4. Delegate and automate

Use delivery services, shared calendars, and reminders that repeat automatically. ADHD brains thrive when systems run themselves.

5. Reframe guilt

You’re not failing; you’re adapting. ADHD parenting isn’t about perfection — it’s about persistence. Celebrate small wins: the morning that went smoothly, the bedtime story that connected, the apology that repaired.

6. Seek community

Other ADHD parents understand the chaos without judgment. Support groups, online forums, or therapy can turn isolation into solidarity.

The deeper truth

Parenting with ADHD means raising children while still learning to parent yourself. It’s messy, human, and often beautiful. The same traits that make it hard — impulsivity, intensity, sensitivity — also make it rich. You notice details others miss. You feel deeply. You love loudly.
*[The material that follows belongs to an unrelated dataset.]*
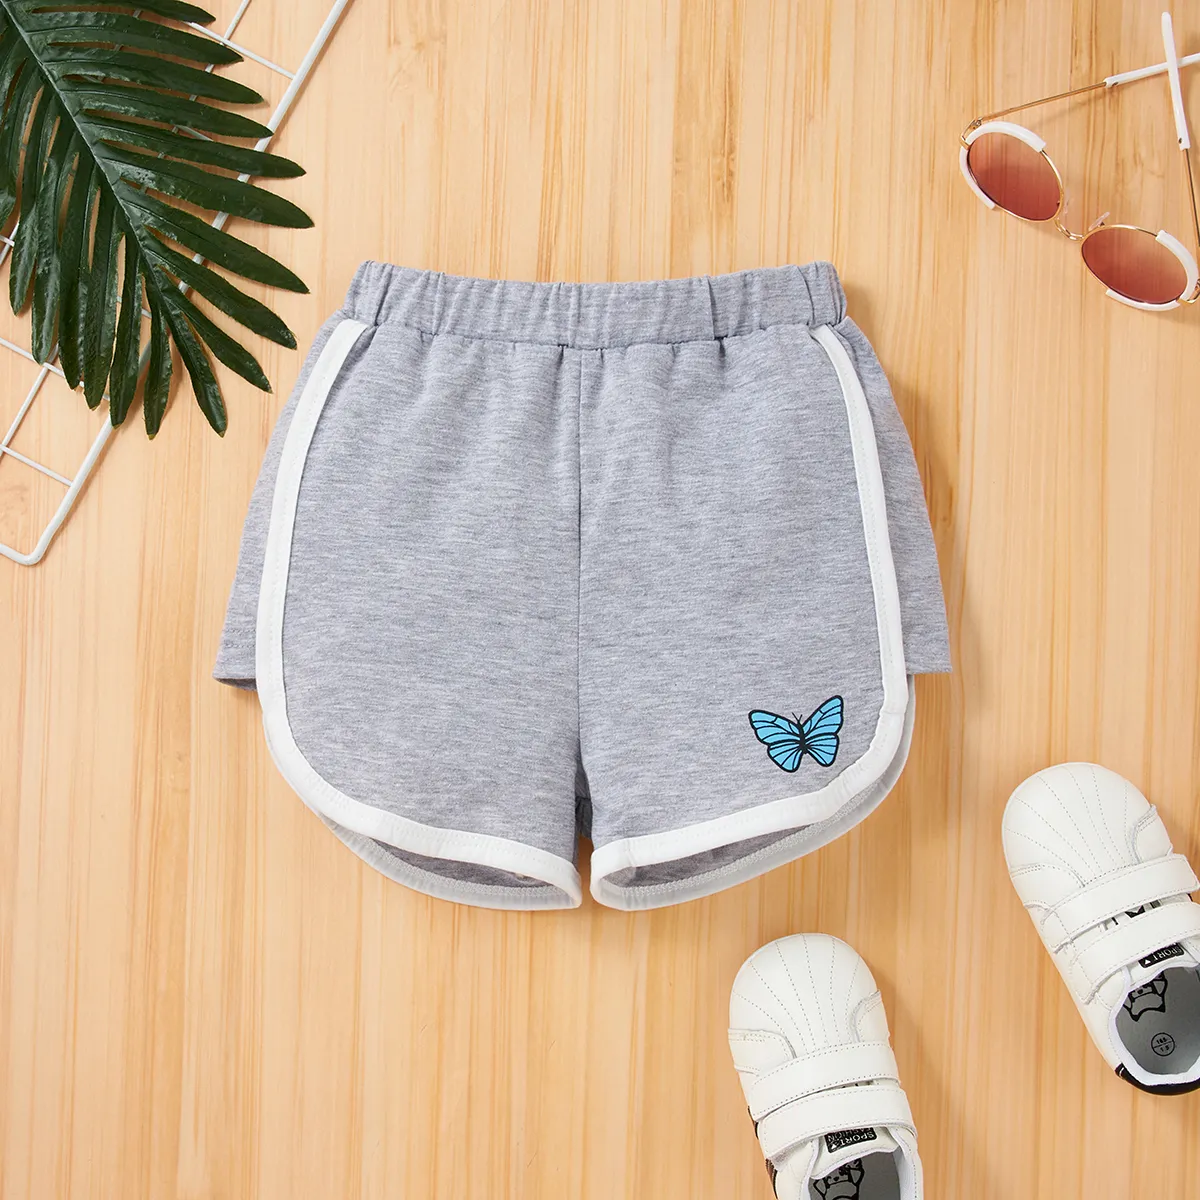 Toddler Girl Butterfly Print Shorts Grey big image 1

The goal isn’t to become a “perfect” parent. It’s to become a present one — to build a home where both you and your child can thrive, even if the laundry isn’t folded and the calendar is crooked.
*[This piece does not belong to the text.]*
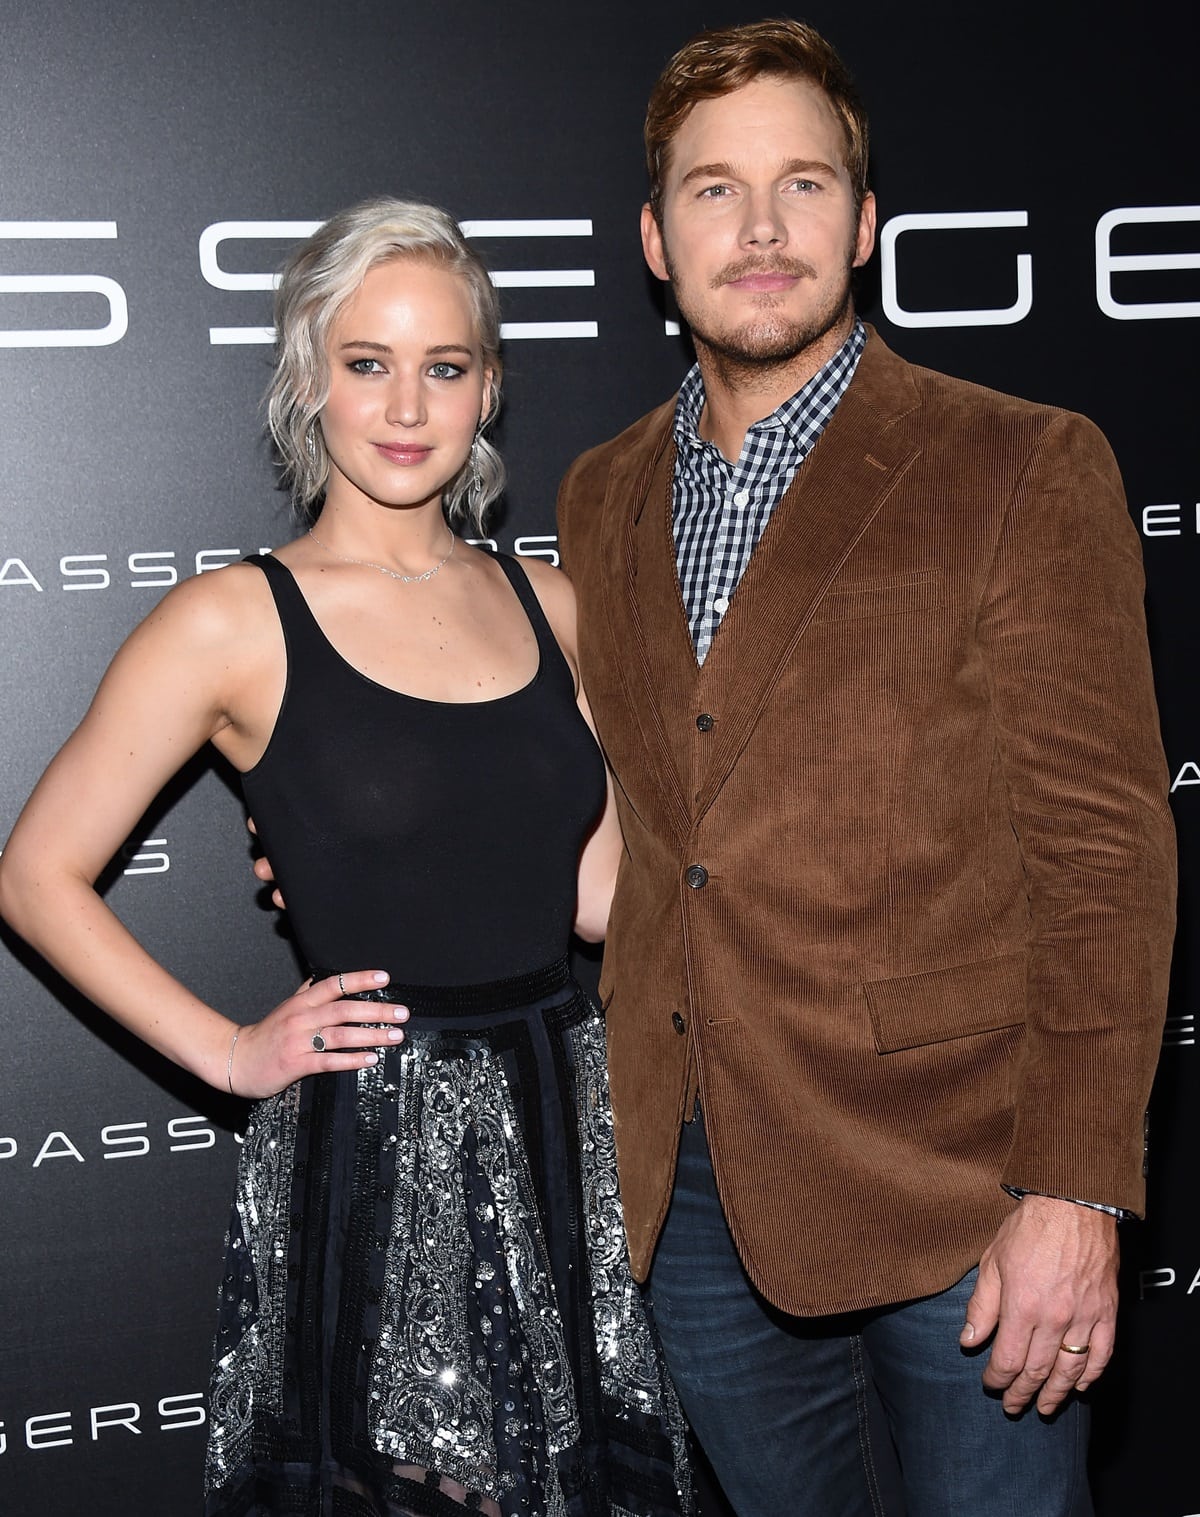 Chris Pratt towers over Jennifer Lawrence with a notable height difference, as he stands at 6'1.75

More posts on ADHD: MSI Press Blog

More posts on neurodiversity: MSI Press Blog



post inspired by  I Love My Kids, But I Don't Always Like Them (Franki Bagdade)

Book Description:

Selected as Independent Authors' Network Book of the Year as the Outstanding Parenting Book and winner of the Literary Titan Gold Award, I Love My Kids, But I Don't Always Like Them, is the ultimate survival guide for parents living through one of the strangest times in history. This " how to guide" will support you even if you are exhausted and burnt out in improving your child(ren)'s behavior. Written by an expert with 20 years of experience in behavioral observation in the classroom, in overnight camp, and more. Franki's storyteller cadence helps the book to read as if it's a casual conversation and pep talk between two parents over coffee. Franki is raw, authentic, and honest about her own "mom fails" and what she has learned in her own little lab school, as she raises her three children.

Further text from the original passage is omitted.